Navigate Developing LGBT Laws that Impact the Workplace

By Scott M. Wich Jul 20, 2016

A federal district court struck down​ a Mississippi law affecting lesbian, gay, bisexual and transgender individuals.

Human resource professionals, and particularly benefits administrators, have faced an evolution over recent years concerning the expansion of job protections and benefits to employees who are part of the lesbian, gay, bisexual and transgender (LGBT) community.

While the interpretation of federal law has seen an expansion of such rights, several states have introduced laws that seek to narrow its reach. A federal district court in Mississippi struck down a religion-based law that highlighted the ongoing tension between federal and some state laws.

At issue was H.B. 1523, the Protecting Freedom of Conscience from Government Discrimination Act, which granted special rights to citizens of Mississippi who held certain beliefs. It applied to citizens who had one of three "sincerely held religious beliefs or moral convictions" that reflected disapproval of lesbian, gay, transgender or unmarried persons. The act gave special protection to citizens who believed that:

  • Marriage should be recognized as a union of one man and one woman.
  • Sexual relations are properly reserved to such a marriage.
  • The words "male" and "female" refer to an individual's immutable biological sex as determined by genetics at the time of birth.

H.B. 1523, which was to take effect July 1, 2016, was passed in direct response to the 2015 decision of the U.S. Supreme Court in Obergefell v. Hodges regarding the recognition of same-sex marriage. It provided that the state of Mississippi, defined to include private persons, corporations and other legal entities, would not discriminate against and would not find in violation of the law those who acted on the religious beliefs or moral convictions, as defined by the act, including in matters of employment.
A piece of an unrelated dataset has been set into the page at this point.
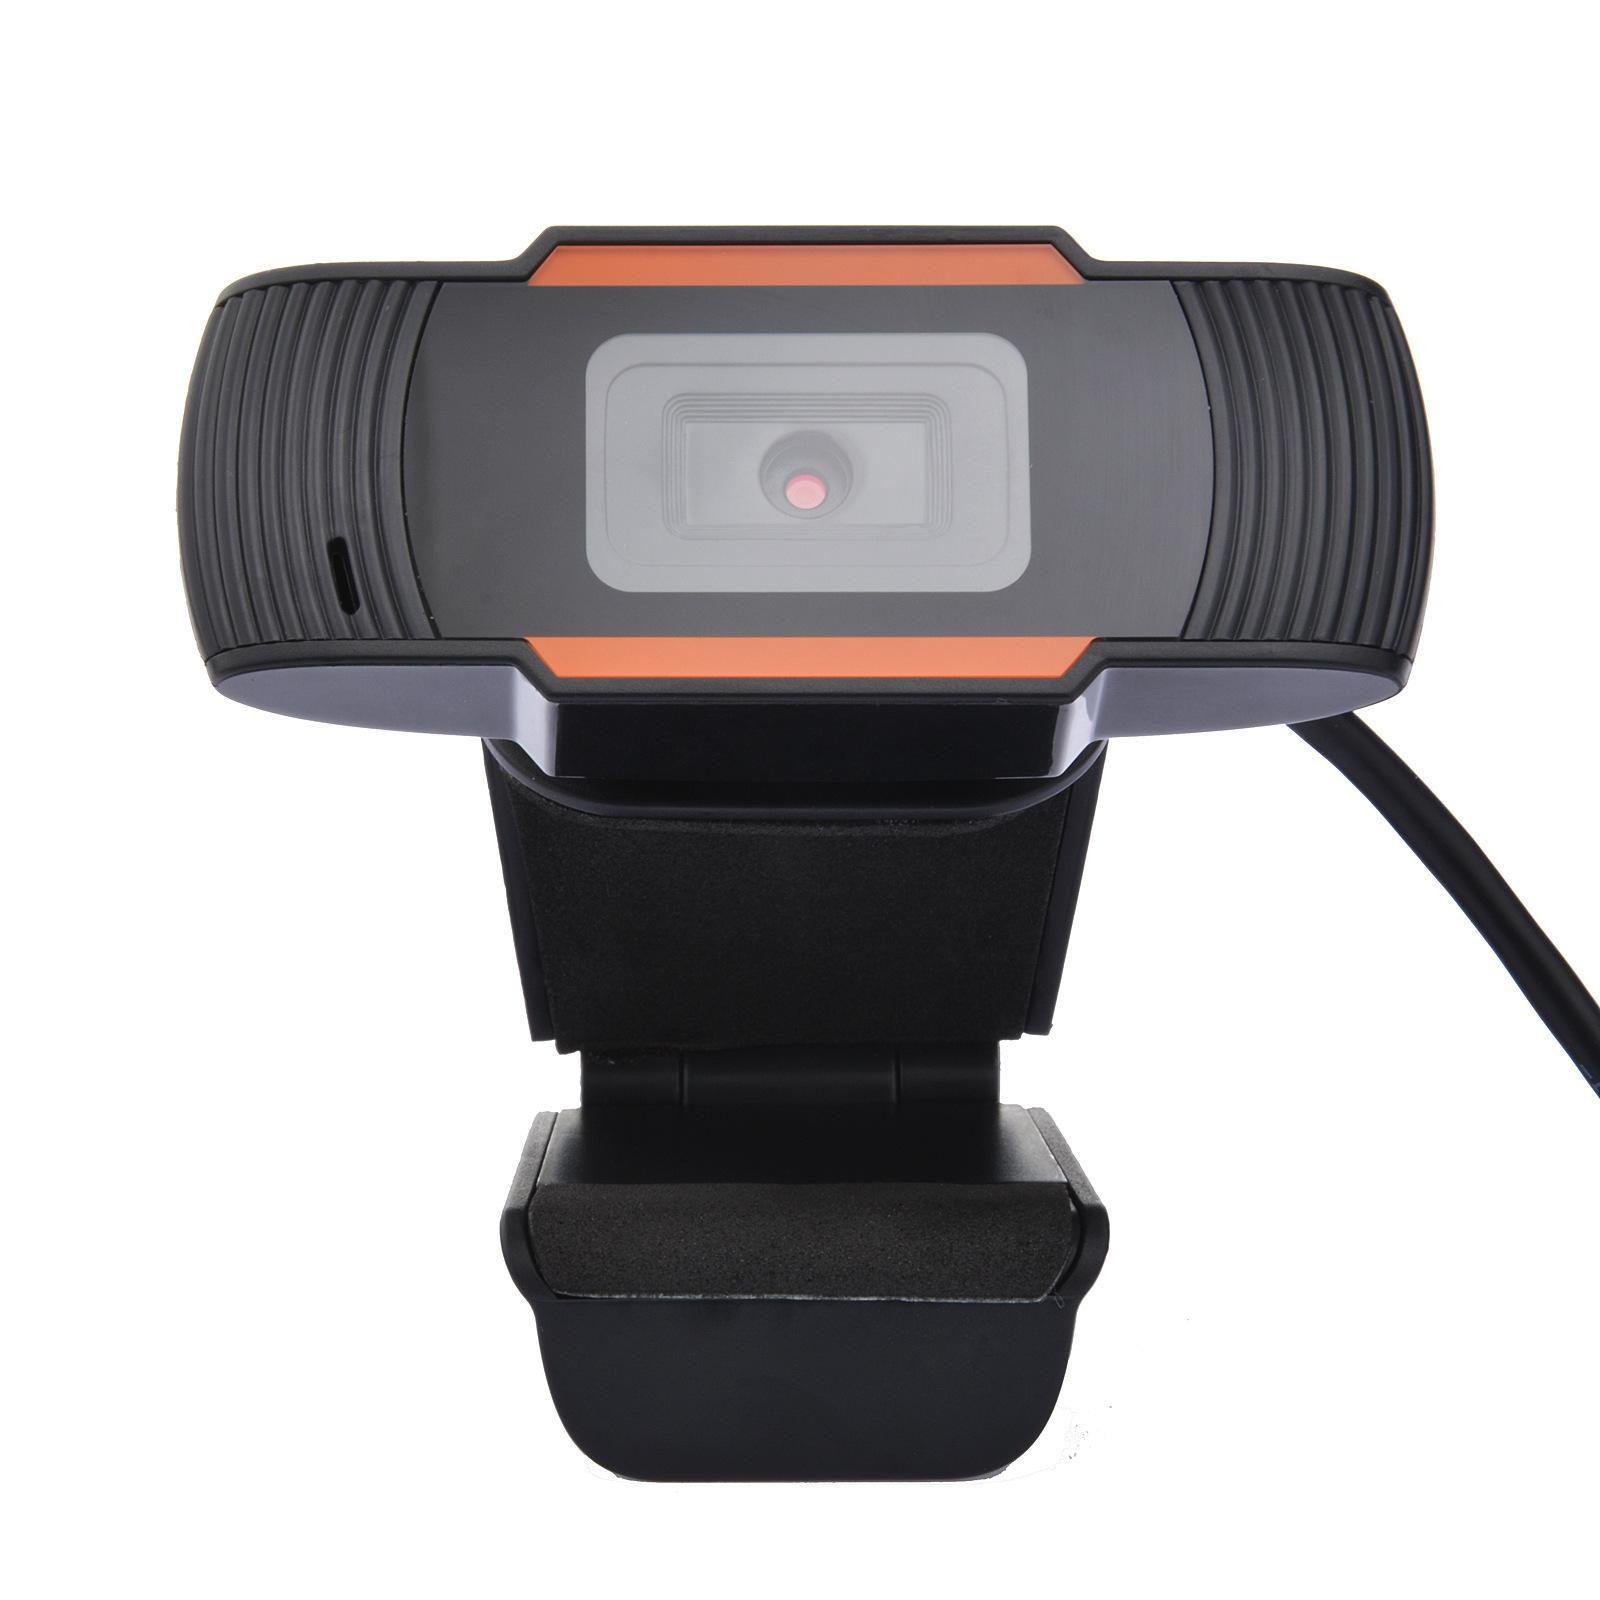 Venta caliente electrónica de la cámara giratoria Webcams Webcam accesorios de ordenador de red USB 2.0 de alta definición para Conferencia de la Red

The law, broadly written, also applied to matters such as businesses providing (or refusing to provide) goods or services to LGBT customers and the issuance (or refusal of issuance) of marriage licenses.

Prior to the effective date of the law, a group of clergy, citizens targeted by H.B. 1523 and others who did not hold the beliefs that H.B. 1523 sought to protect, brought a lawsuit in the federal court of Mississippi seeking, among other things, an injunction to prevent its implementation. The defendants in the lawsuit included Mississippi Governor Phil Bryant and Attorney General Jim Hood in their official capacities. The attorney general's office defended the case on behalf of the state.

The district court found that H.B. 1523 was unlawful. It held that, under the U.S. Constitution's Equal Protection Clause of the 14th Amendment, the law denied equal protection to LGBT citizens by allowing Mississippians to refuse to serve LGBT citizens without consequence. It also held H.B. 1523 to be unlawful under the U.S. Constitution's First Amendment Establishment clause, which prohibits any law respecting the establishment of a religion or prohibiting the free exercise thereof. The court concluded that H.B. 1523 impermissibly established an official preference for certain religious beliefs above others. Therefore, the court concluded, an injunction was proper.

An appeal of the injunction has been filed with the 5th U.S. Circuit Court of Appeals by Bryant. Hood has stated that his office will no longer continue to defend H.B. 1523. As such, the appeal is being handled by the governor's private attorneys.

Barber v. Bryant, S.D. Miss., Nos. 3:16-CV-417 and 3:16-CV-442 (June 30, 2016).

Professional Pointer: As was also seen in the recent news concerning North Carolina's "bathroom law," individual states continue to challenge the reach of federal legal rights for LGBT individuals, such as the recent right to marry. Employers are well-advised to follow the evolution of such state laws. In addition to resulting in business boycotts, these state efforts may have negative impacts on employee recruitment and retention.

Scott M. Wich is a partner with the law firm of Clifton Budd & DeMaria.